Point of Contention
by AspieSays
Summary: At an interlude in a park, the Doctor's frustration about Romana's personality comes to a fore. AU.


Romana seemed to have a permenantly serene look in her eyes at present, even when eating a picnic in the park, it seemed. Amy had told her she wished she had such interesting, dark eyes, but to the Doctor, it seemed as though she was in a state of admiration for her calm demeanour. Amy had no right to talk anyway, with her cheeky face, he reasoned.

They had packed lunches, arranged of course by Romana. The Doctor wasn't sure whether he liked this as a reward.
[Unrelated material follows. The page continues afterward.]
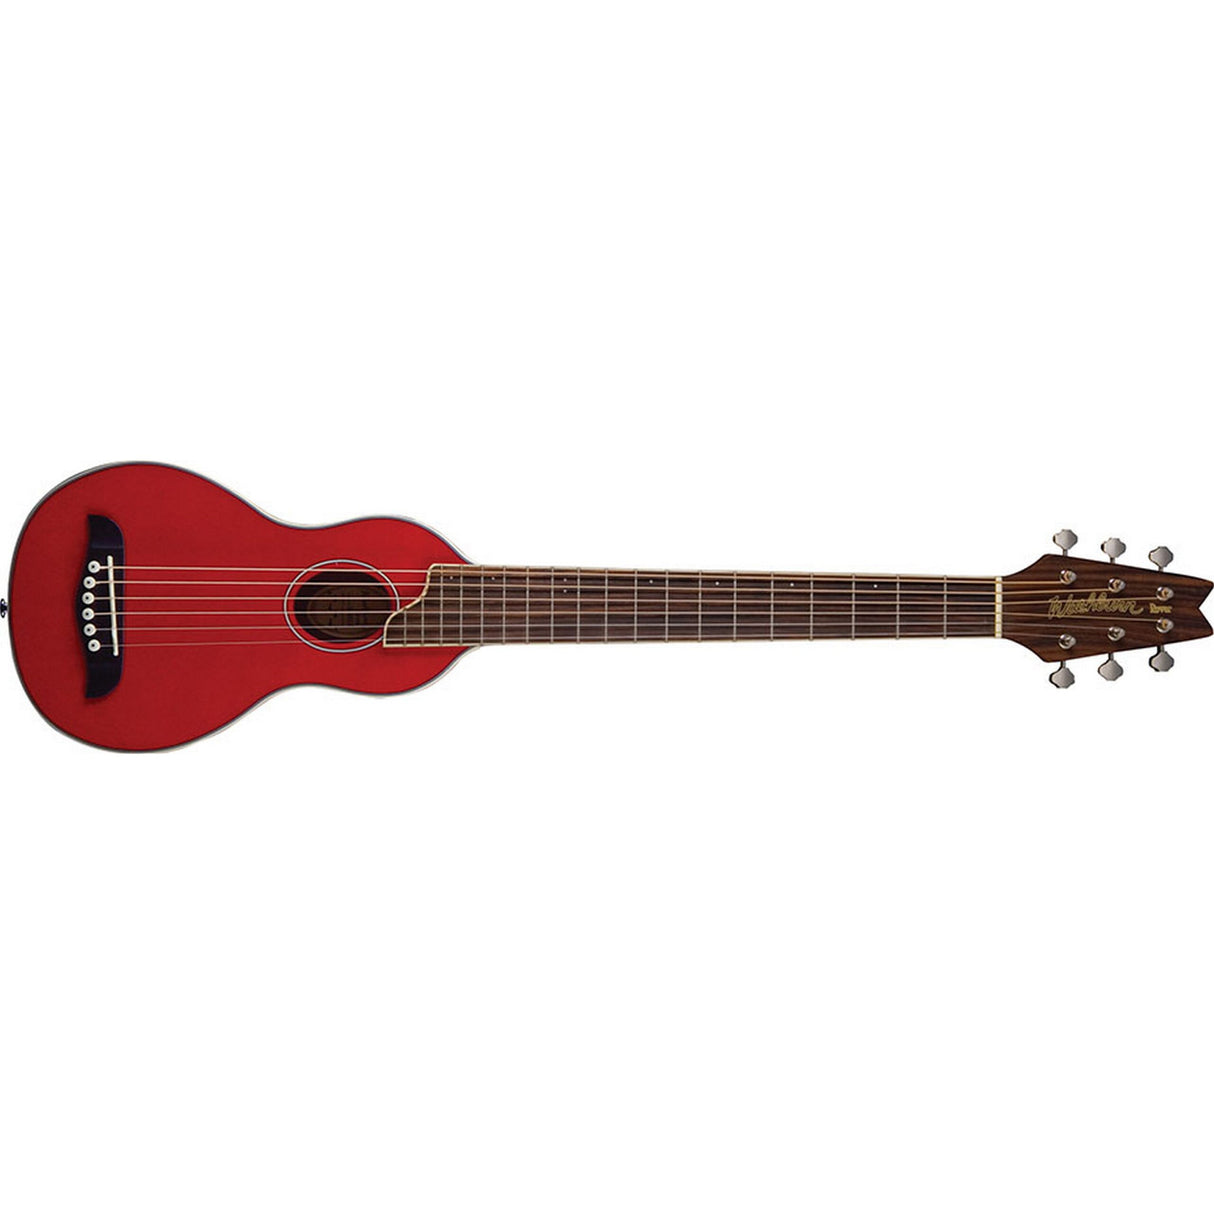 Washburn RO10STRK-A Rover Solid Spruce Mahogany Travel Guitar, Trans Red
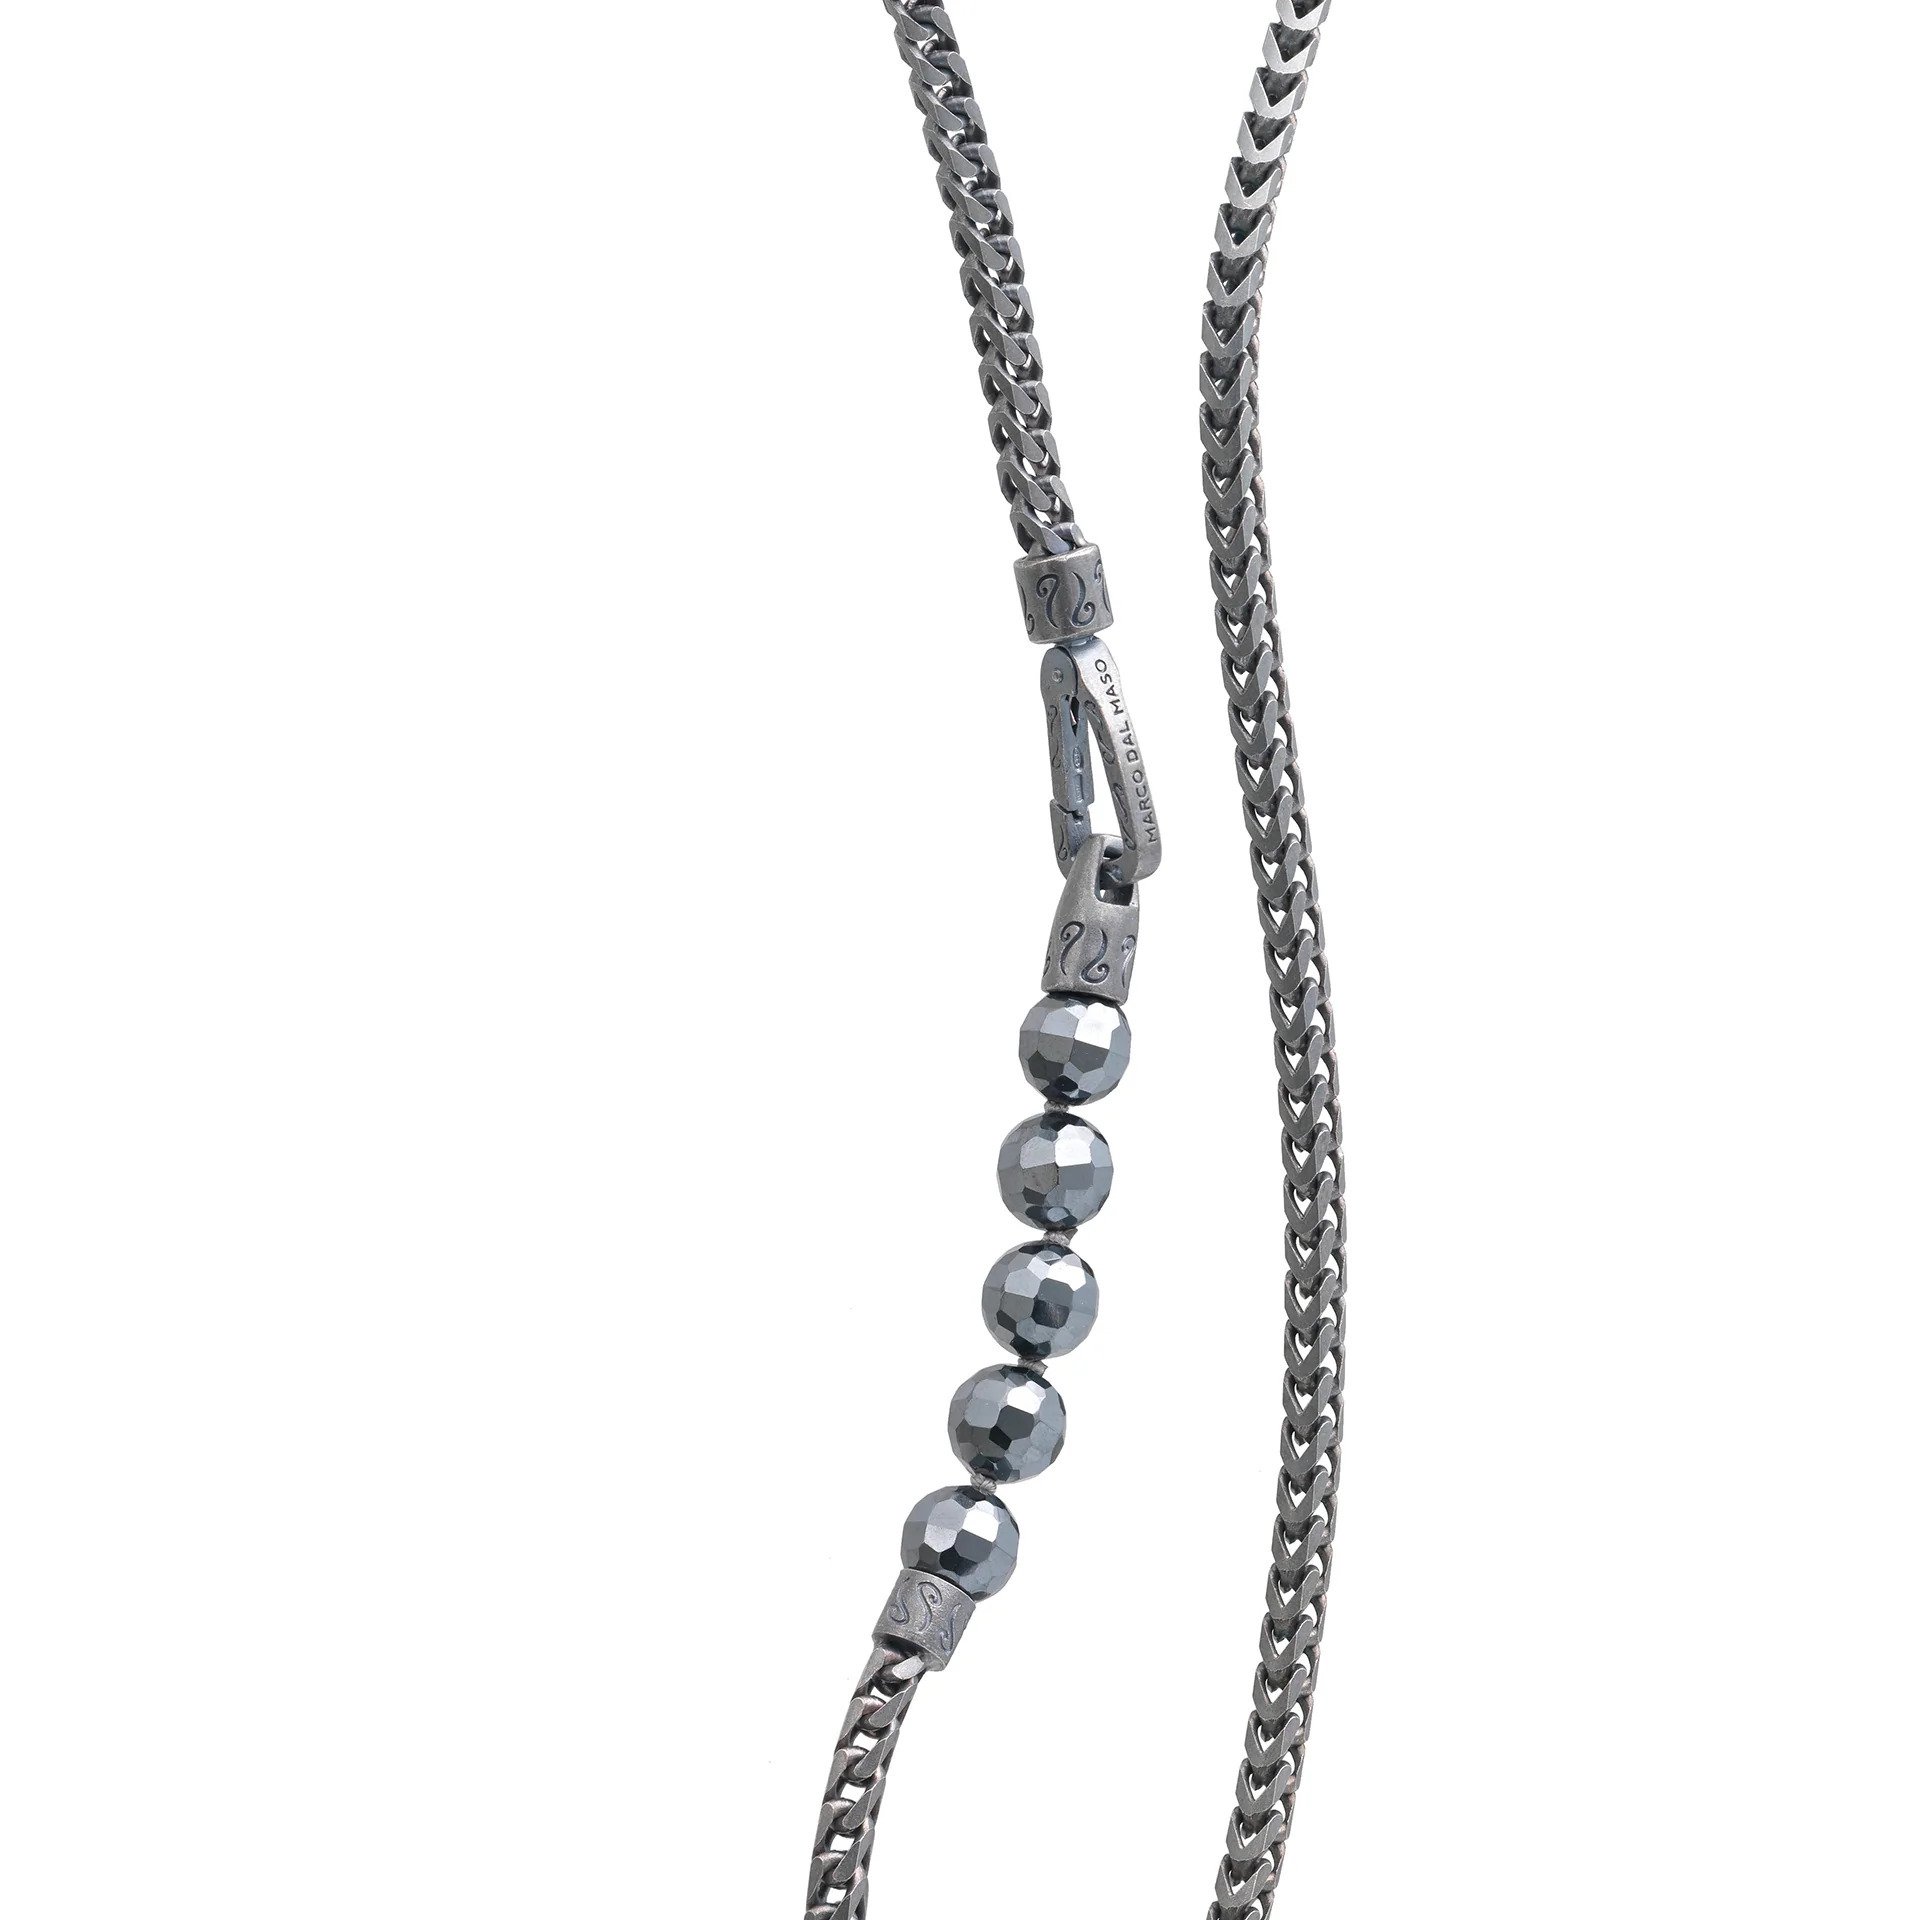 24" Faceted Hematite Bead & Ulysses Chain Link Necklace

"Are you going to eat those?" The Doctor asked, eyeing the small sandwiches Romana was eating.

He wished she'd tie her hair back, she almost got mouthfuls of her silvery blonde hair in the process, and he wanted to push them out of the way. In fact he wanted to 'accidently' get bright purple juice on her white blouse, but stopped himself, judging this slightly sociopathic. Plus he had soft spot for her pencil skirt, which was a similar pattern to his jacket.

"No, I packed them intending for them to go rotten!"

"Ha, ha. Can I have one?"

She grinned, and gave him a look of mock admonishment.

"You've had yours."

"Yeah, but I just had to talk my way out of the mouth of a Flame Tusked Giant Lemur. The thanks I get for dealing in animal rights!"

He held up his hand, which had a burn across the top, covered in salve. He had already had to change his clothes after they were singed.

"No. These are mine. Drink your juice."

The Doctor pouted, and took the carton from her and watched with disdain as she sipped hers. He then folded his arms and put his head down, so all he could see was the wooden table. Romana sighed and fished a small package of foil from a small cream bag, which contained half a bar of chocolate.

The slightly purple grass was moving subtly in the breeze, and there was bright sunshine. Three humanoid children, perhaps about seven, with green-tinged skin, scurried past, heading for the swings. Their parents were several feet behind. The mother sighed and gesticulated despondently.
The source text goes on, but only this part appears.